Teresa and I just went down to the shop stall and called all of the sheep in so we could do the final drench with Corid for the 6 ewes that had scours and to give the first of 3 Penicillin shots for the ewe lamb with the swollen stifle joints.
I came across the first negative to the low carb life style we have adopted. I've lost 35 pounds and some of our largest ewes are about all I can do to control if they decide they don't want to be caught. The long Shepherds Crook still let me use leverage on our bigger girls but it's about all I can do to hang on to Wild Thang and her sibling (just like the other day). Being the wildest, they are the last to get caught every time and the fact that most of the girls don't care when I enter their space, those two can't get away since they have no movement.
The handling chute makes it easy but you hate to have to crowd 45 sheep in there just to get to two of them. All of the others I can just walk up to and give them the drench.

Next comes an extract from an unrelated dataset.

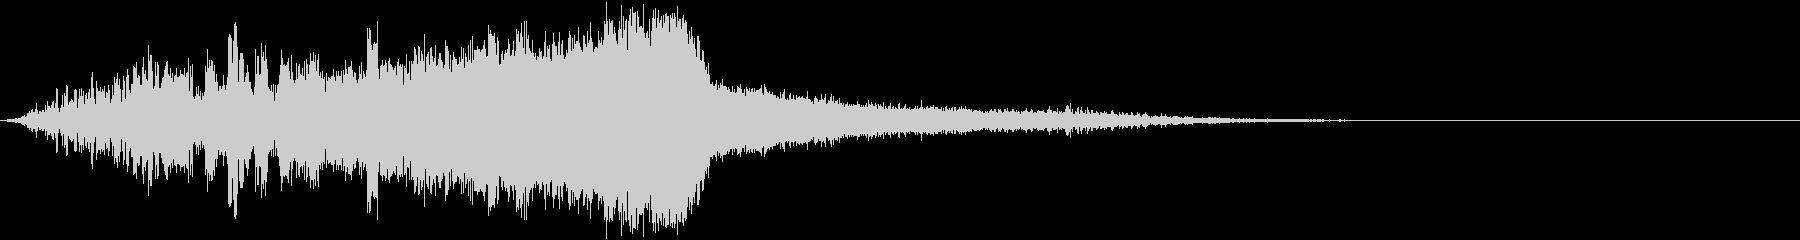 宇宙・近未来の効果音(通信、電子音)の未再生の波形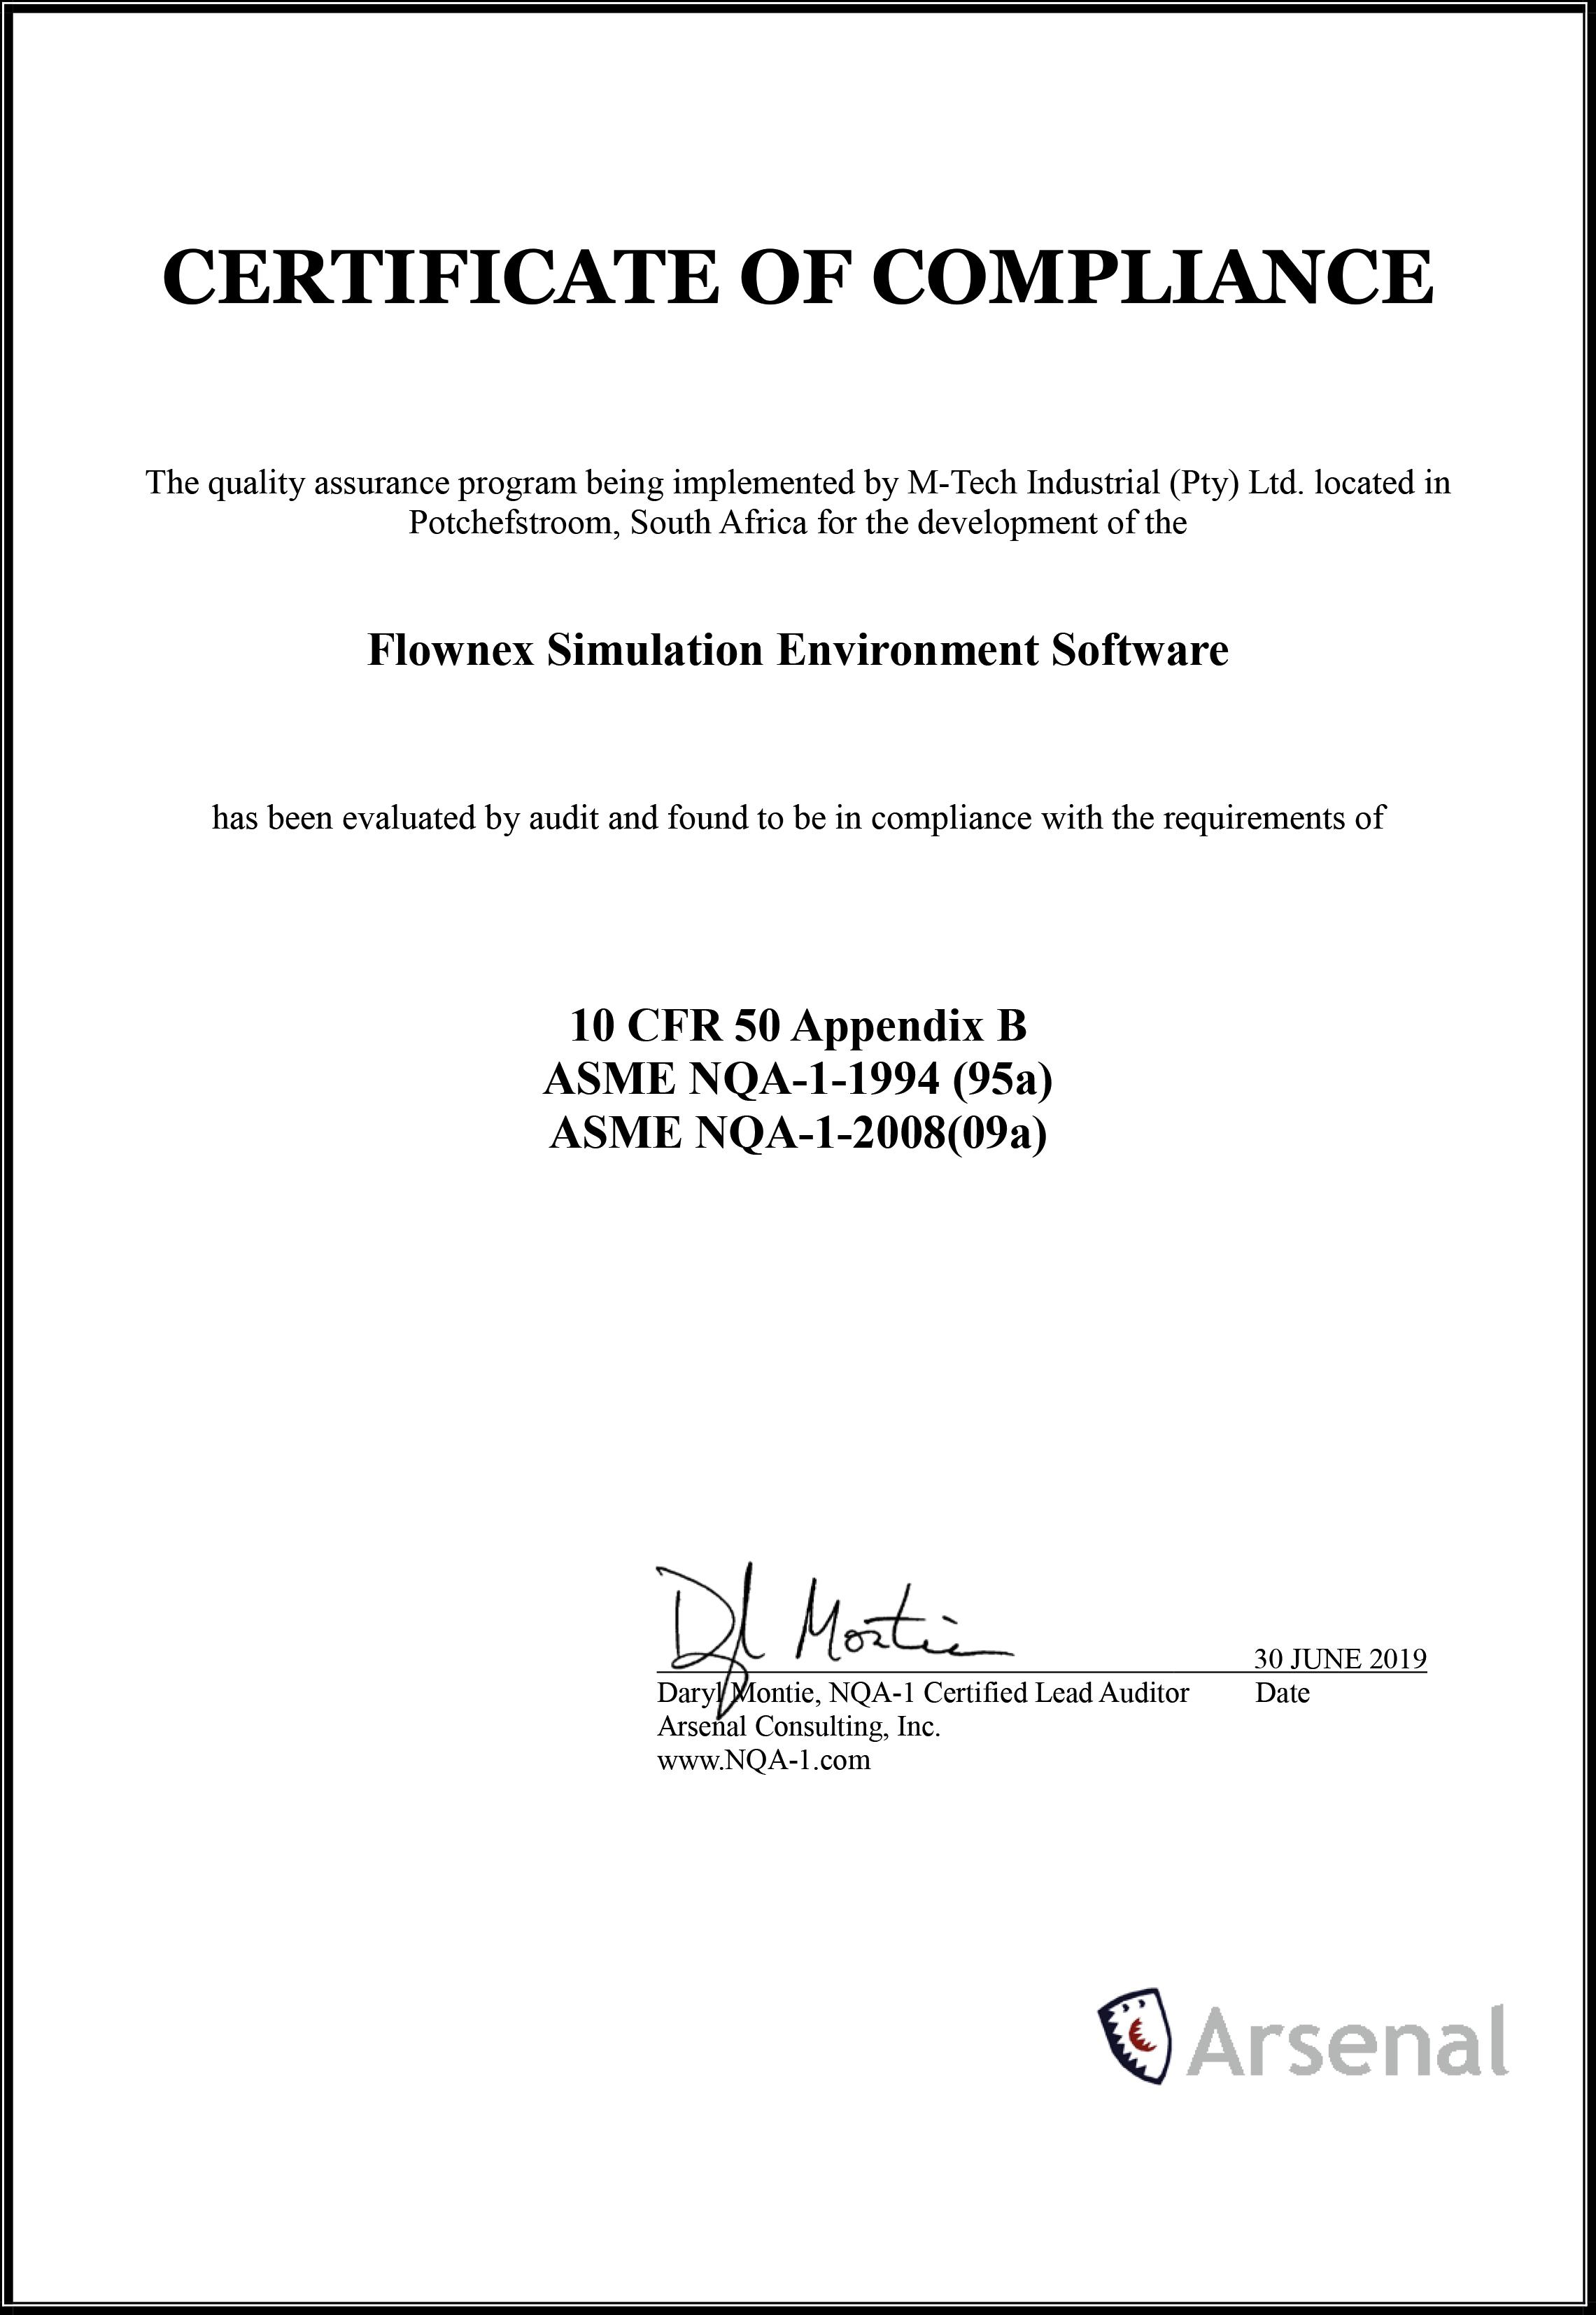 Flownex®SE: zertifiziert gemäß Qualitätsstandards ASME NQA-1 und ISO 9001

May work better by targeting them first....get the jump on them....and then do the rest.......that way they can't see it coming and work up the anxiety level.....I had to do that with the goats....always had to catch Lightning first, cause he was the hardest to catch....especially if he had fore warning.....
We pulled fecals on all 20 of the senior ewes this afternoon. Teresa did the analysis on 6 of the ewes that had the highest parasite load over the last year. 4 of the 6 had zero eggs today and those four had a decreasing egg count over the last 3 times we pulled fecal samples. The paddocks these girls are in have had no special treatment since I sprayed nitrogen late last summer. Those 4 have not received a wormer since August 2018 and the only treatment has been the garlic drench once a month. The other two have also decreased down to the acceptable level but both of them had been wormed in February.